Jazz stared at her. Drew had forgotten everything she had told her. Had Hunter finished typing the story and thereby stolen Drew’s memory? The same way he had stolen the memory of Jazz shooting at Leon? What should I say now? “Eric pushed Hunter into the Pit this morning.”
Drew shook her head and frowned. “Why’d he do that?”
Molly opened the door to the locker room. “Hey, Coach wants to know why you guys are late.”
“Give me a minute,” shouted Drew. She looked at Jazz. “Aren’t you going to change?”
“No, I have to check on Hunter.”
“Whatever.”
Jazz ran out of the locker room.
“Jazz, where are you going?” shouted Mr. Harris.
“Hunter was sick before lunch, and I left him in the lobby. I need to see how he is.”
“Maybe he should go to the nurse,” said Harris.
“I’ll tell him.” Jazz exited the gym and found Hunter typing. “Show me.”
Panting, he gave her the computer. “I just finished.”
Jazz skimmed through the story about Drew and Eric. “Drew told me about this in the locker room. Then she forgot she told me. You hijacked her memory, Hunter.” Jazz pressed keys to print the document in the library. “C’mon.”
“What are you d
oing?” He stood and followed her.
“She needs this back.”
They hurried down the hall to the library and stood by the printer as it rolled out Hunter’s story.
Jazz picked up the pages. “I’ll show this to her after class.”

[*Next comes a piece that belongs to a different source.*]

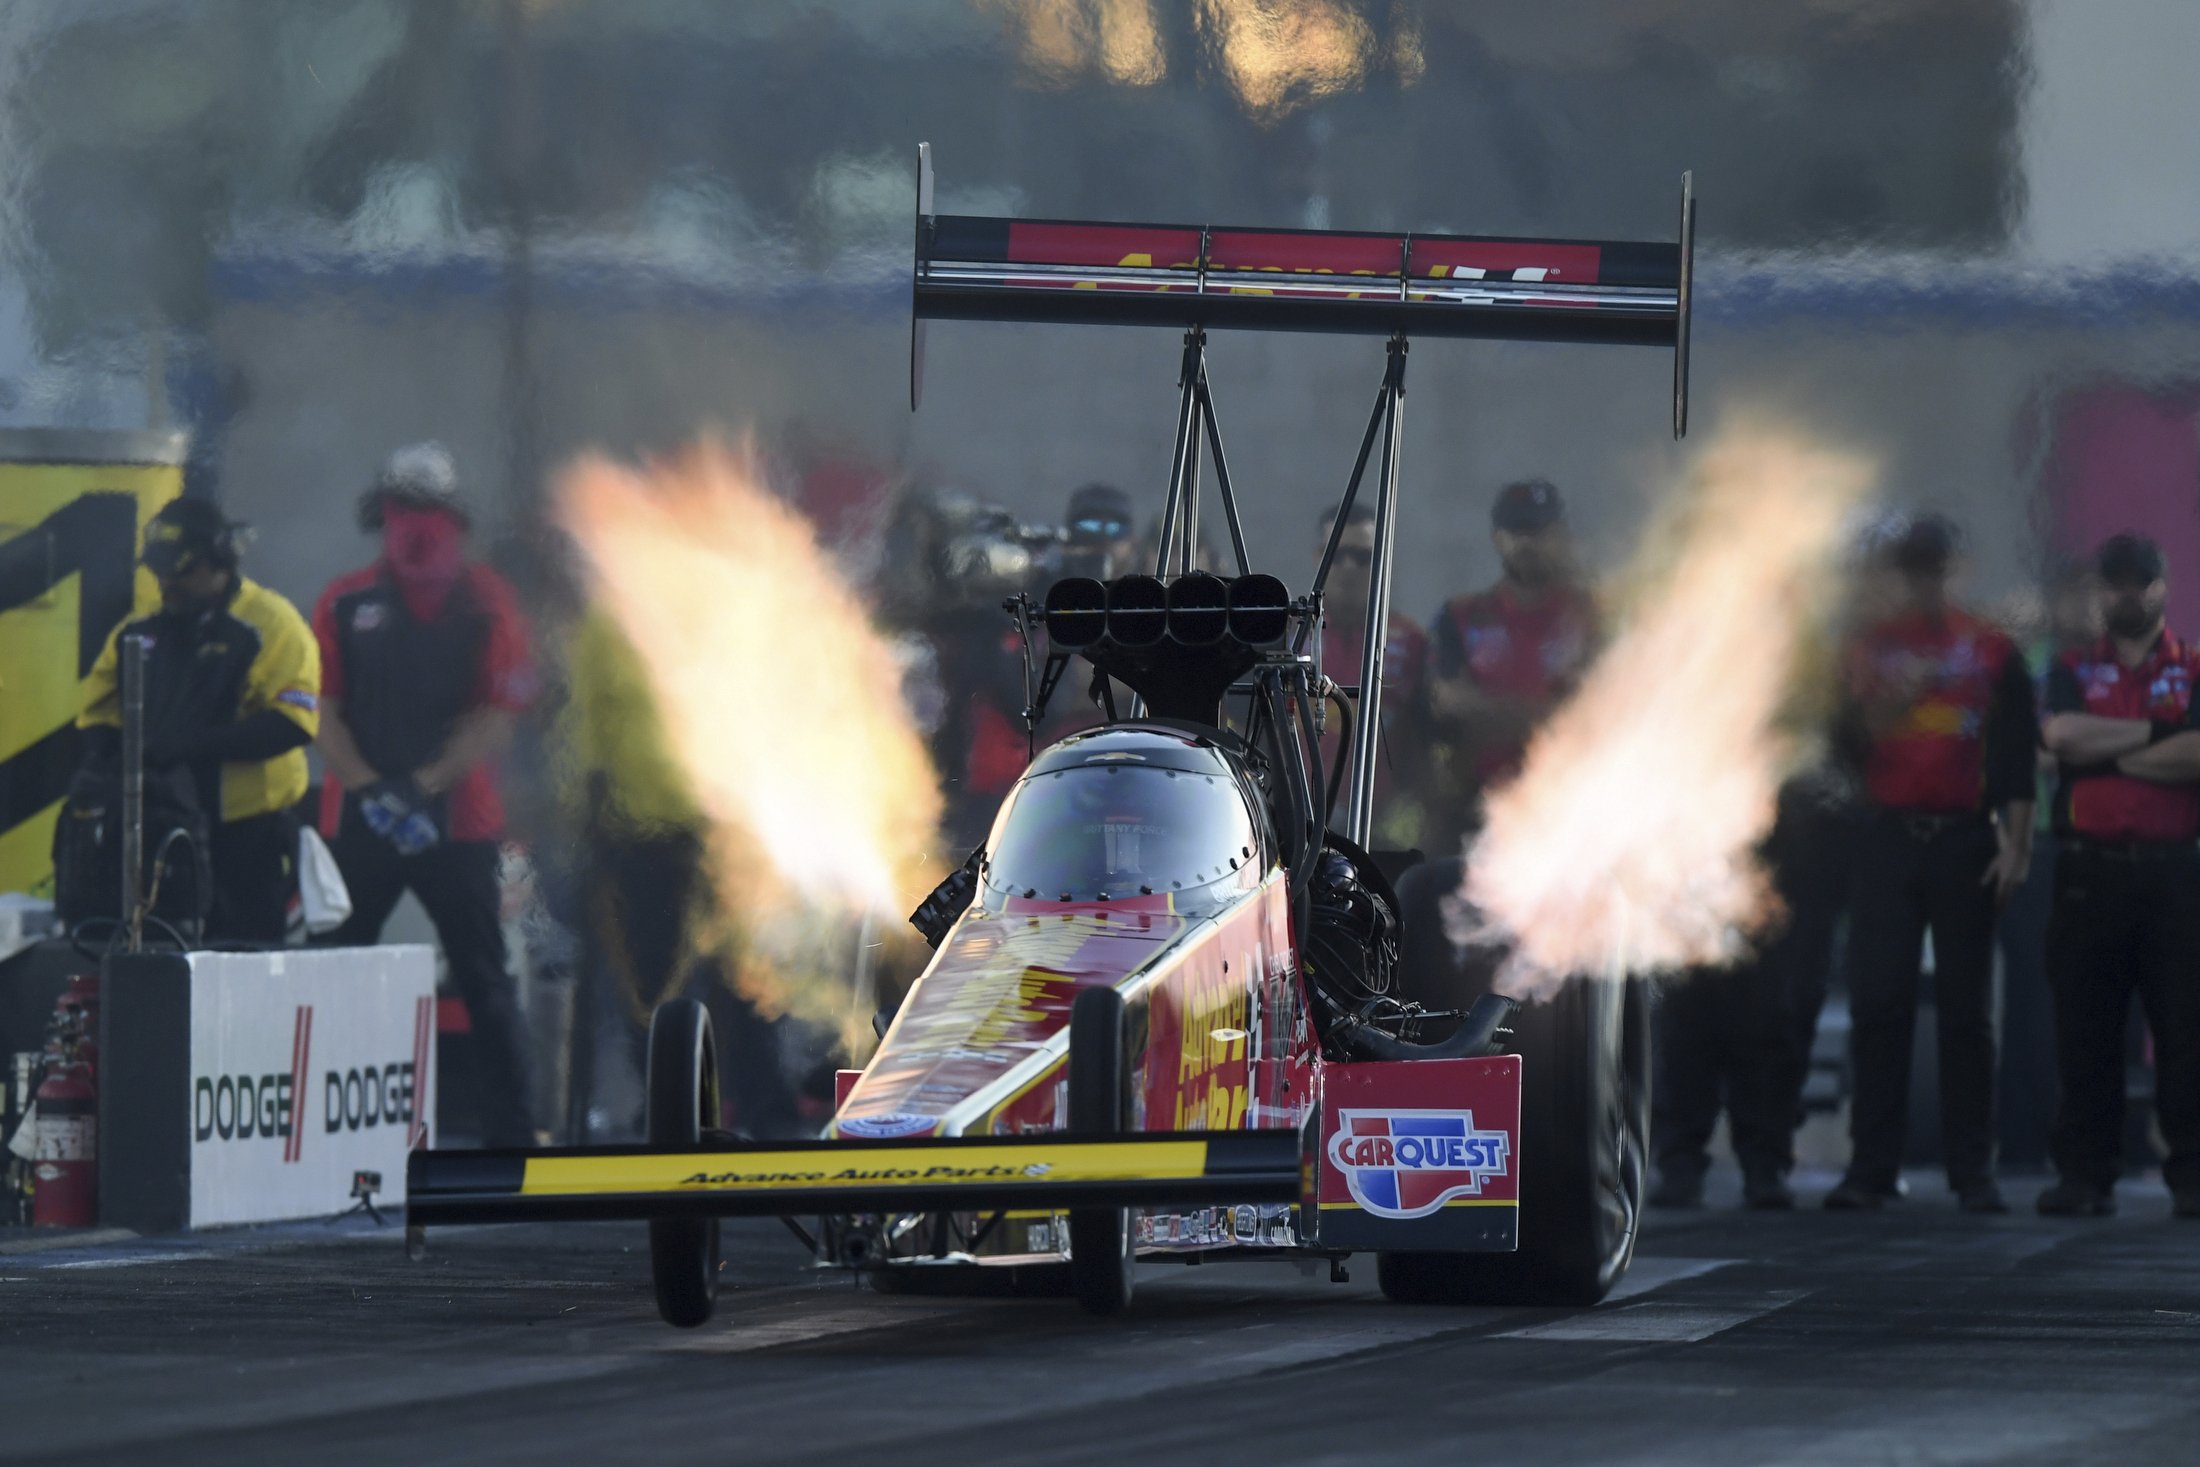 Brittany Force races to Top Fuel victory at Las Vegas AP News

“And tell her what?” he asked in a tense voice. “Hunter stole your memory, but you can have it back?”
“What else should we do? Eric knows this happened. He’ll expect Drew to be angry with him. What will he think when she kisses him by his locker between classes like she always does? And besides, Eric’s a pervert who shouldn’t be anywhere near Kelly or Skylar.”
“OK. But if you tell Drew about me and the stories, then everyone else will know.”
Jazz thought for a second. “Maybe I could tell her I wrote this based on what she told me. I typed it up because she blanked out in the locker room, and I was worried.”
“I don’t know.” Hunter seemed unconvinced.
Hunter’s phone dinged. He pulled it out of his pocket and noticed the message on the screen. “Dad.” Hunter typed in his code and opened the message. He and Jazz read it together.
I am driving home from Fairbanks, so I’ll be later than usual. I took all your stories with me because I wanted to read them and to make sure they stayed safe.
You need to be very careful with who knows about them. I found at least three stories that appear to be real memories from people who shared something of their past with me. Maybe all the stories are real. I have no idea what’s happening to you or why, but you can imagine what might happen to you if your ability becomes known.
I bought you a new computer. I don’t think it’s wise to have these stories on your school computer. If you have a flash drive, you should transfer the files ASAP and delete the originals. We’ll talk about all this tonight.
Maybe you should go home early today.
“Whoa,” said Hunter. He locked eyes with Jazz. “Life just got more complicated. You sure you want to be part of this?”
“I want to help you.” She gave him a wry smile. “Besides, I have some memories I’d like to get rid of.”